A total of €37m in EU funding is at risk of being lost because of the failure of the Government to legislate for a penalty points system for serious breaches of fisheries rules by the masters and owners of Irish-registered vessels.
Briefing documents for the Minister for Agriculture, Dara Calleary, show officials are concerned that Ireland could lose all the available funding from Brussels towards the cost of control and enforcement of the Common Fisheries Policy because of delays in introducing a points system required by EU legislation.
EU member states were obliged to have a points system in place since 2012.
The European Commission has suspended payment of its co-funding share on the issue which currently stands at €10m and is set to rise to €27m by the end of 2020.
“If the matter is not resolved, the Department of Agriculture, Food and Marine, will lose the entire €37m EU contribution to the programme’s investment in control and enforcement,” officials warned.

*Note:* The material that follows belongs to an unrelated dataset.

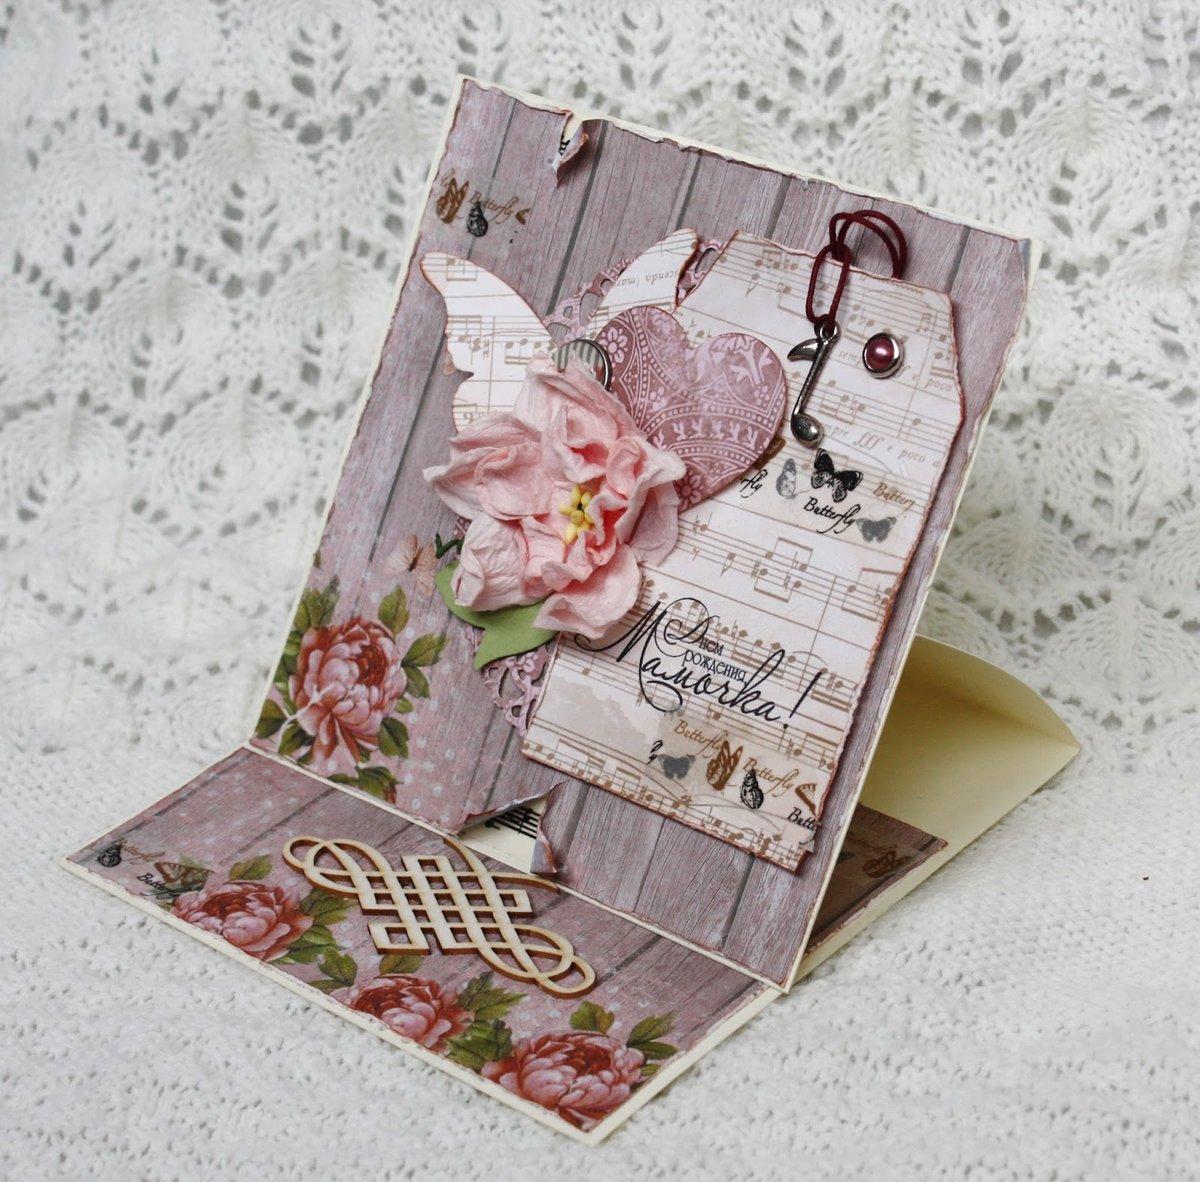 Плюшевого, идеи открыток скрапбукинг на день рождения маме

Earlier this month, the European Commission sent a reasoned opinion to Ireland over its non-compliance with the establishment of point system rules for Ireland’s shipping fleet of around 2,000 vessels.
“The Commission considers that Ireland has not established a system that assigns an appropriate number of points to masters of fishing vessels who commit serious violations of the common fisheries policy rules,” it stated.
Ireland has three months to respond to the reasoned opinion, which is the penultimate step in the infringement process before the European Commission refers non-compliance issues to the Court of Justice of the EU which has the power to issue large lump-sum penalties and daily fines.
In March 2018, the then-Minister for Agriculture, Michael Creed, signed legislation to give effect to a points system but it was subsequently annulled by the Dáil two months later following opposition by Sinn Féin and Fianna Fáil.
Department officials have advised Mr Calleary that the required changes must be implemented via primary legislation as the EU regulations do not provide sufficient policies and principles to allow direct applicability.
Documents said the issue has arisen from “difficulties a minority Government has faced in putting in place the necessary legal and administrative systems for implementation of the EU Points System for infringements of the CFP.”
The Department of Agriculture said it was working closely with the Attorney General’s office to draft the necessary legislation to resolve the issue.